The article "Examining Mythology in 'The Chronicles of Narnia' by C. S. Lewis" by Alicia D. Costello examines Mythology in C. S. Lewis's Chroncles of Narnia. The article, on the whole, discussed, not necessarily mythology in human life on Earth that made an appearance in the series, but rather, the nature of myths that C. S. Lewis created within the series itself.
In reading the essay, the first noteable feature was Ms. (or Mrs.) Costello's use of an introductory "hook" to catch the reader's attention. However, the most attention-catching feature of this hook was not, in fact, it's catchiness, so to speak, but rather, its painful rigidity. She describes the "wonder of opening a book" and manges to slip in a wardrobe reference, but still takes a couple sentences to actually begin the topic. By the time she begins actually discussing C. S. Lewis and Mythology, the feelings of reading a high school essay by a fairly inept writer are already inplace (a feeling that proofreading my own work has often brought up). This already sends the wrong message regarding the worth of Ms. (or Mrs.) Costello's essay, because it gives of the stench of B. S. that tends to accumulate around such painful, and usually clueless, writers when it comes to beginnings. As a result, Ms. Costello's credibility is already strongly damaged.

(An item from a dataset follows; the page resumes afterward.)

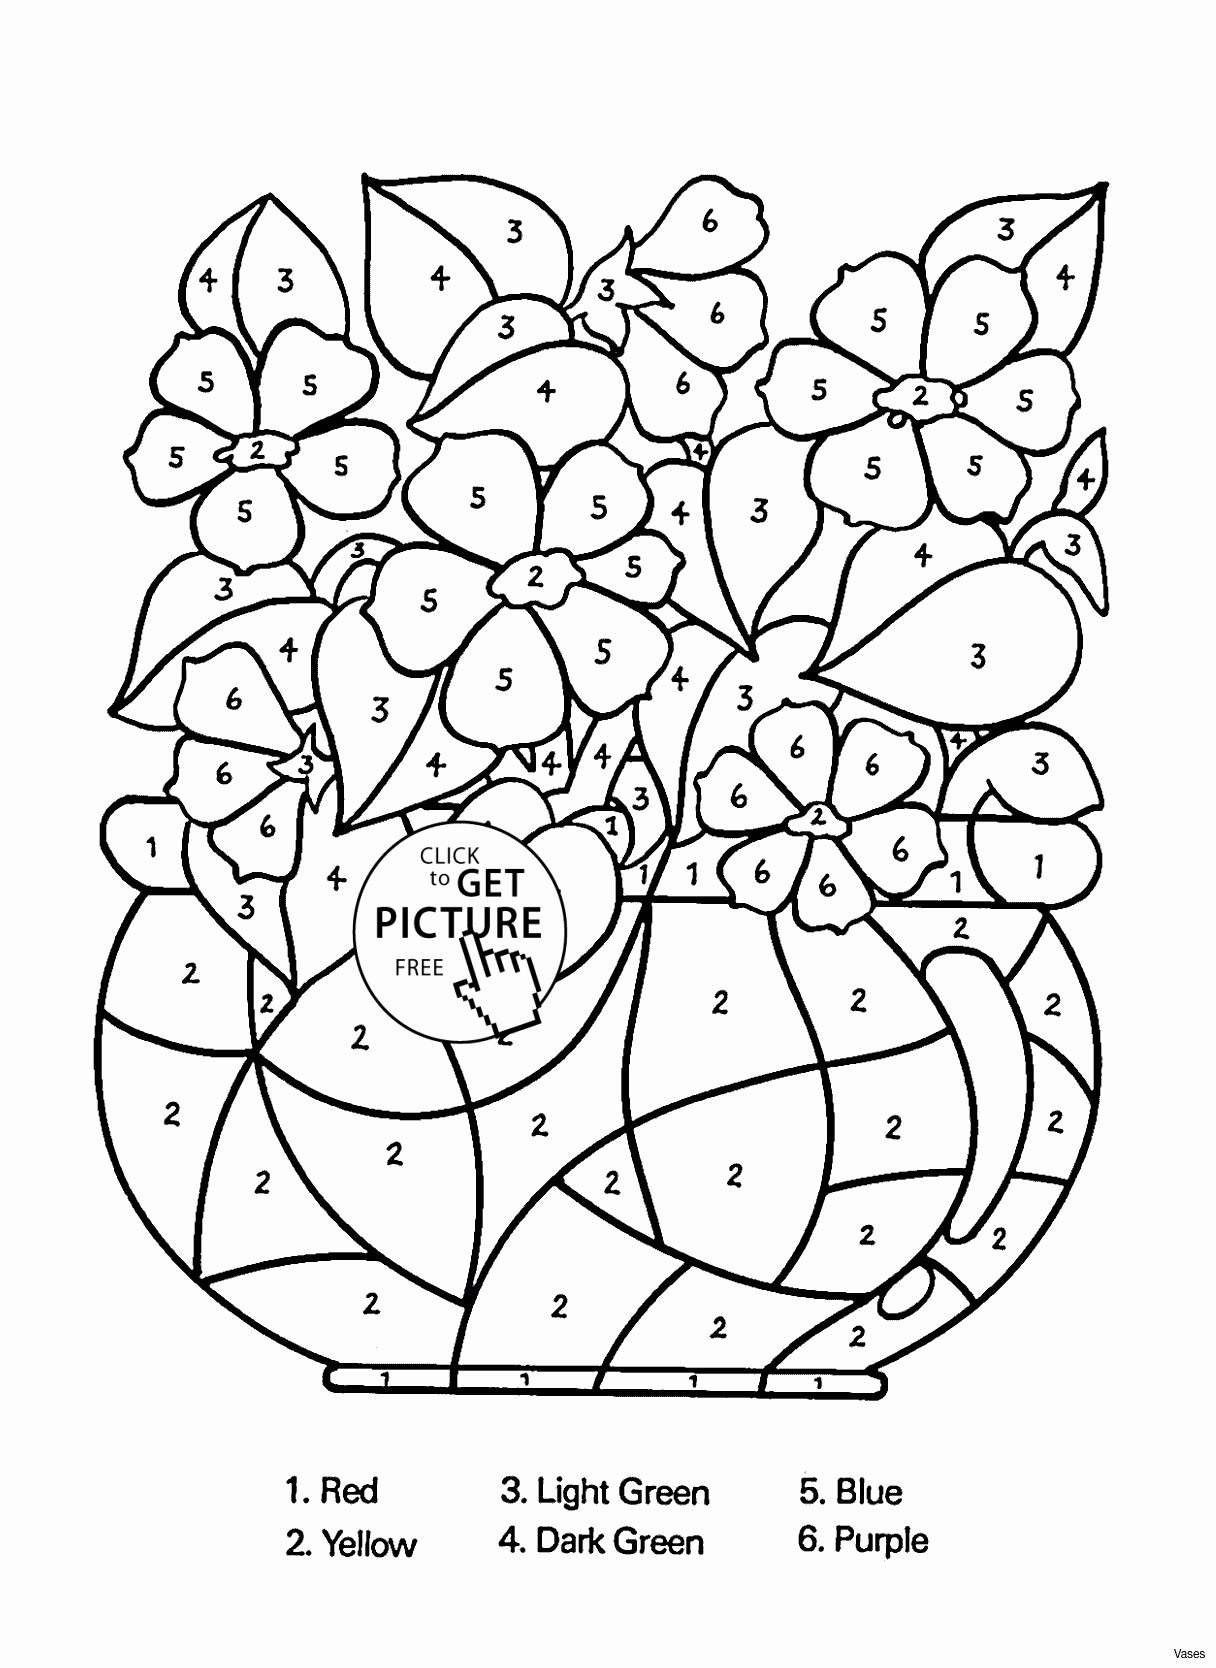 27 Stylish Navy Blue and White Vases 2024 free download navy blue and white vases of white porcelain vase lovely vases flower vase coloring page pages in white porcelain vase lovely vases flower vase coloring page pages flowers in a top i 0d

The essay predictably contained a thesis at the end of the first paragraph, that essentially just told the reader that C. S. Lewis created a working mythology for his books. This thesis is neither controversial nor insightful, and continues the feeling of answering a prompt to get a grade, which was very possibly her intent, rather than a true sharing of a unique insight amongst peers or others who would be interested in Lewis's Chronicles of Narnia on a higher thought level. This reveals to her audience of her college professor (or likely, his or her assistant, as this essay doesn't seem to come from a class of high level learning, due to the elementary nature of the essay structure) that he or she should settle in for another substandard paper.

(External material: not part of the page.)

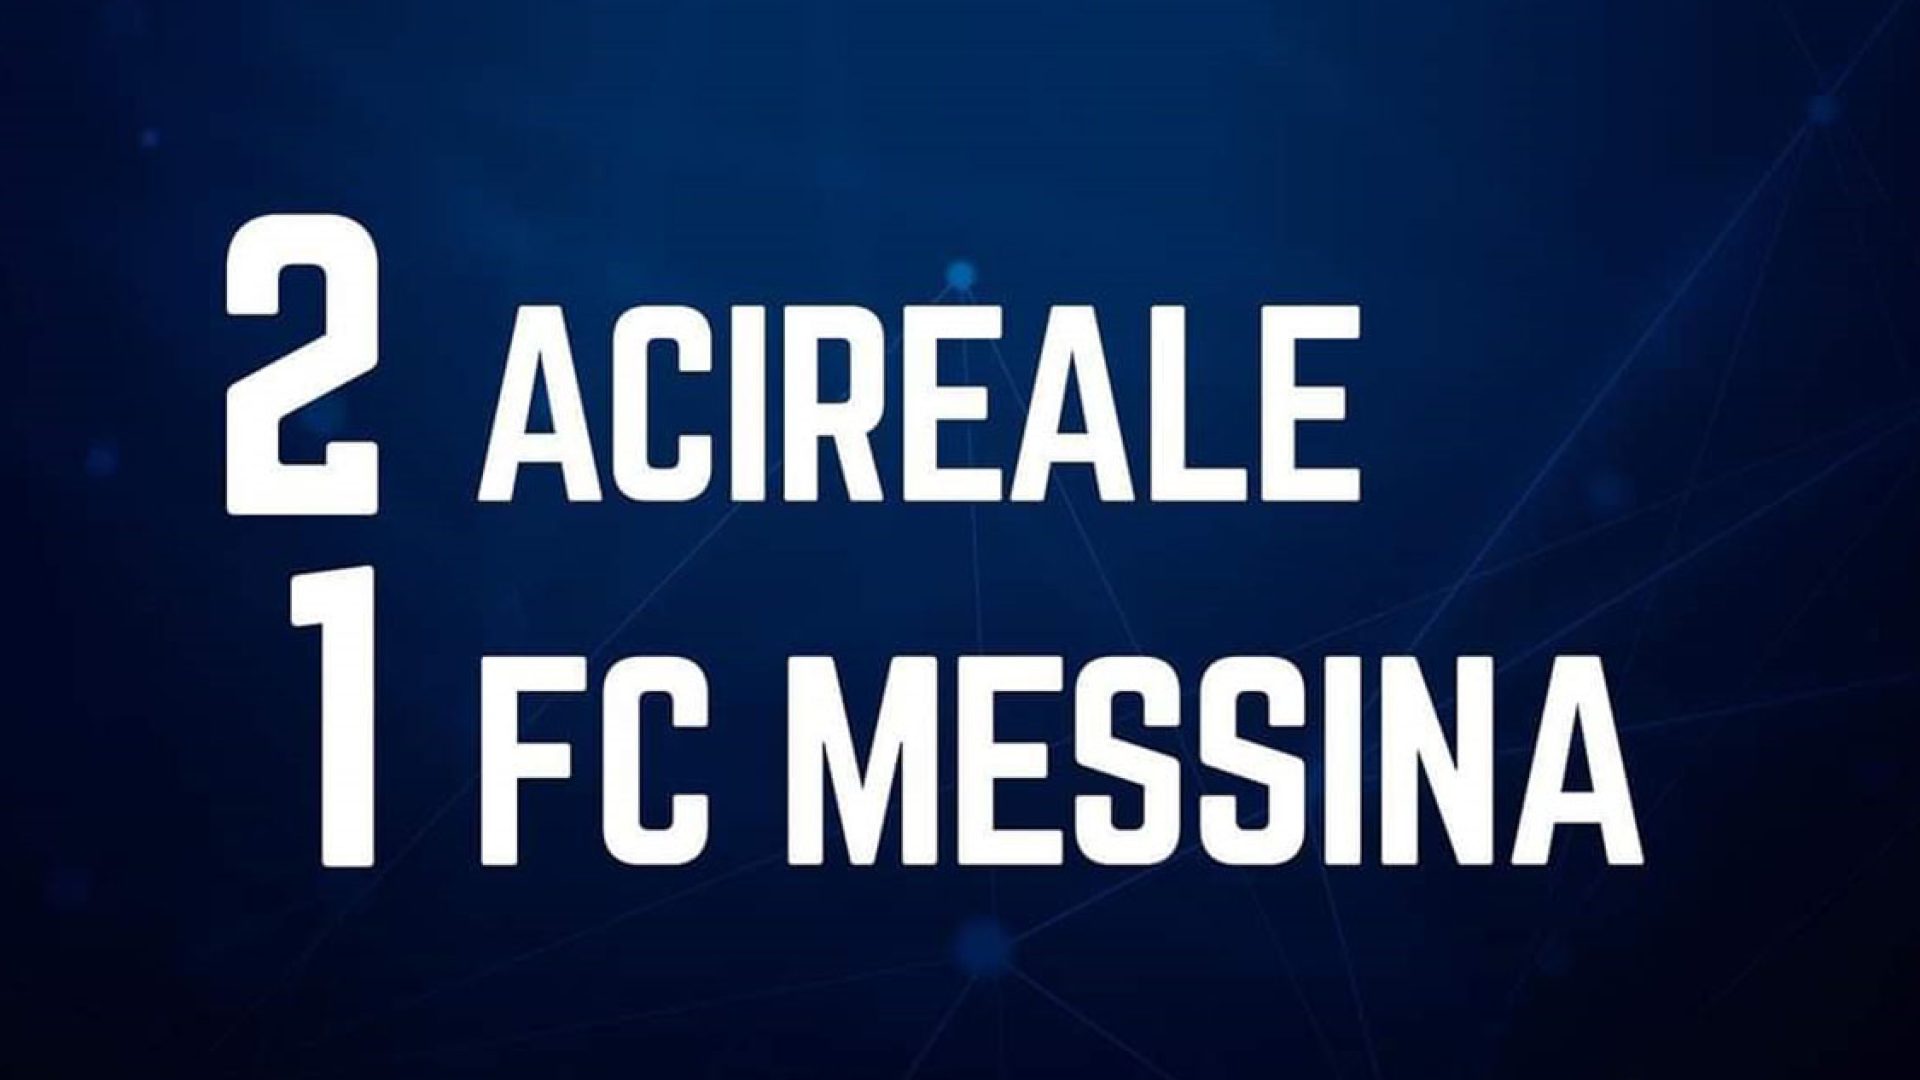 Acereale-Messina

On a more positive note, Ms. (or Mrs.) Costello's paper was fairly organized in terms of parting information; listing seven characteristics than Lewis considered vital for myths as he wrote them. The essay even proved each characteristic convincingly using C.S. Lewis's own writings and speeches, which helps improve Ms. how about we just assume she's not hitched yet, and go with Ms.) Costello's fairly minimal credibility, which is then further boosted by a conclusion that suffers none of the awkward "I must follow rules" feeling of the introduction, and prose that is intelligent, but still understandable to the non-elite intellectual types, which makes one decide that, yes, it is the T. A. grading the paper after all.
What becomes the most noteable feature of the essay, as it comes to a close, is the fairly pointless reach of the essay. Yes, it solidly proves its point: Mr. C. S. Lewis created myths of certain characteristics. Cool. Ms. Costello's readers/ TA would be glad to hear it. However, the essay retains to relevency to even the literature itself; the only insight it reveals is something plainly obvious to those reading the actual series: the Chronicles of Narnia contains (wait for it...) Mythology!